ISSUE 22
February 2003

Terry L. Morrison

 

Terry L. Morrison This marks an author's first online publication Terry L. Morrison was born in Arkansas, raised in Texas, and lived all over the place. He divides his time between writing poetry and fiction, growing organic vegetables, and running a non-profit alliance of nursing homes in Texas. He has been published in various small literary magazines and an anthology of Texas poets. Most recently he has a story in Rebellious Confessions, a fiction anthology published by Sisyphus Press last December.
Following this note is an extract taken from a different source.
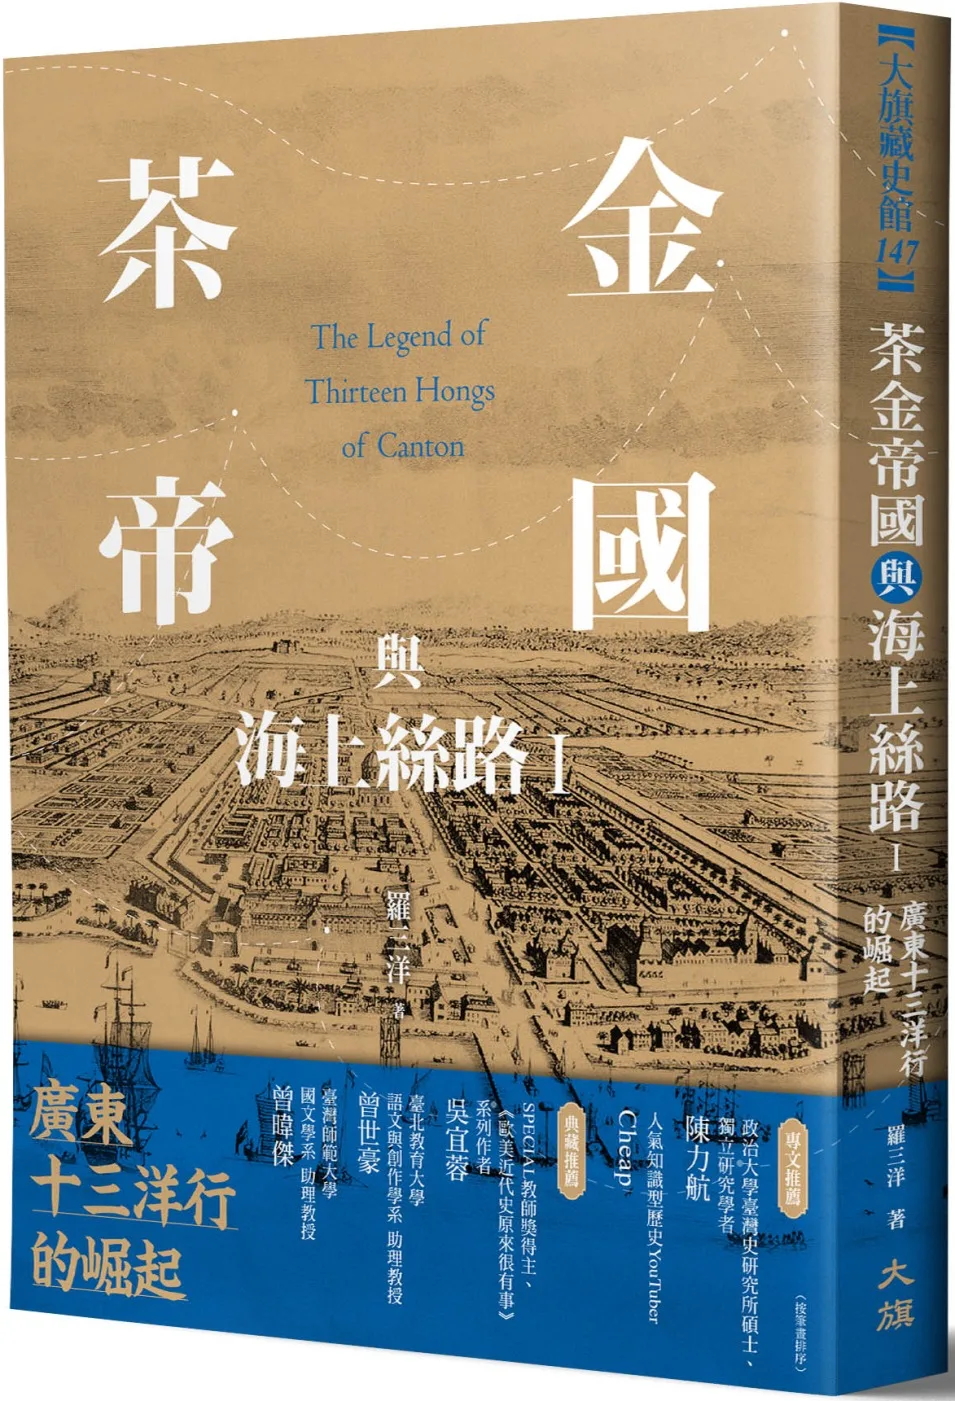 茶金帝國與海上絲路I：廣東十三洋行的崛起

Terry lives in Austin, Texas.
Anne Sexton    Click to hear in real audio


I was trying to read Anne Sexton's poetry tonight
the poetry of a wounded bird
behind the mad bars of her own life
dreams of metamorphosis
of turning a cage gilded with raw nerves
into a cocoon

and all I could think of
was your story of her life
of how her husband and family
kept her madness among the garden beds
where she could pull at it like weeds

and when she left them
her derangements burst from her eyes
and her sad insanity flowed over her tongue
like water over a stone
spilling everywhere
ruining her carpets and wallpaper
and friends began to pull away from her
like wet boards warping in sunlight

and she was trying to fly but her wings flapped like shirts
on a clothesline
and this time when death
offered her the earthen womb
she took it
and entered her garage
searching among the exhaust fumes
for the odor of wings

 

 

Sylvia Plath    Click to hear in real audio


Her darkness has its addresses.
This was her habit.

The moon is proud of his powdered cheeks
as he steps into her bony coffin.

She sucked her words into a night
with many hidden odors

lying with the skinny needles
of yesterday's lilies

and wearing her black cosmetics.
Now her children study

the genealogy of suicide
and dial us the numbers of despair.

We dream that our ovens too will open
like the pages of a slick magazine

as we pull nervously at her poems
like a drawer full of kitchen knives.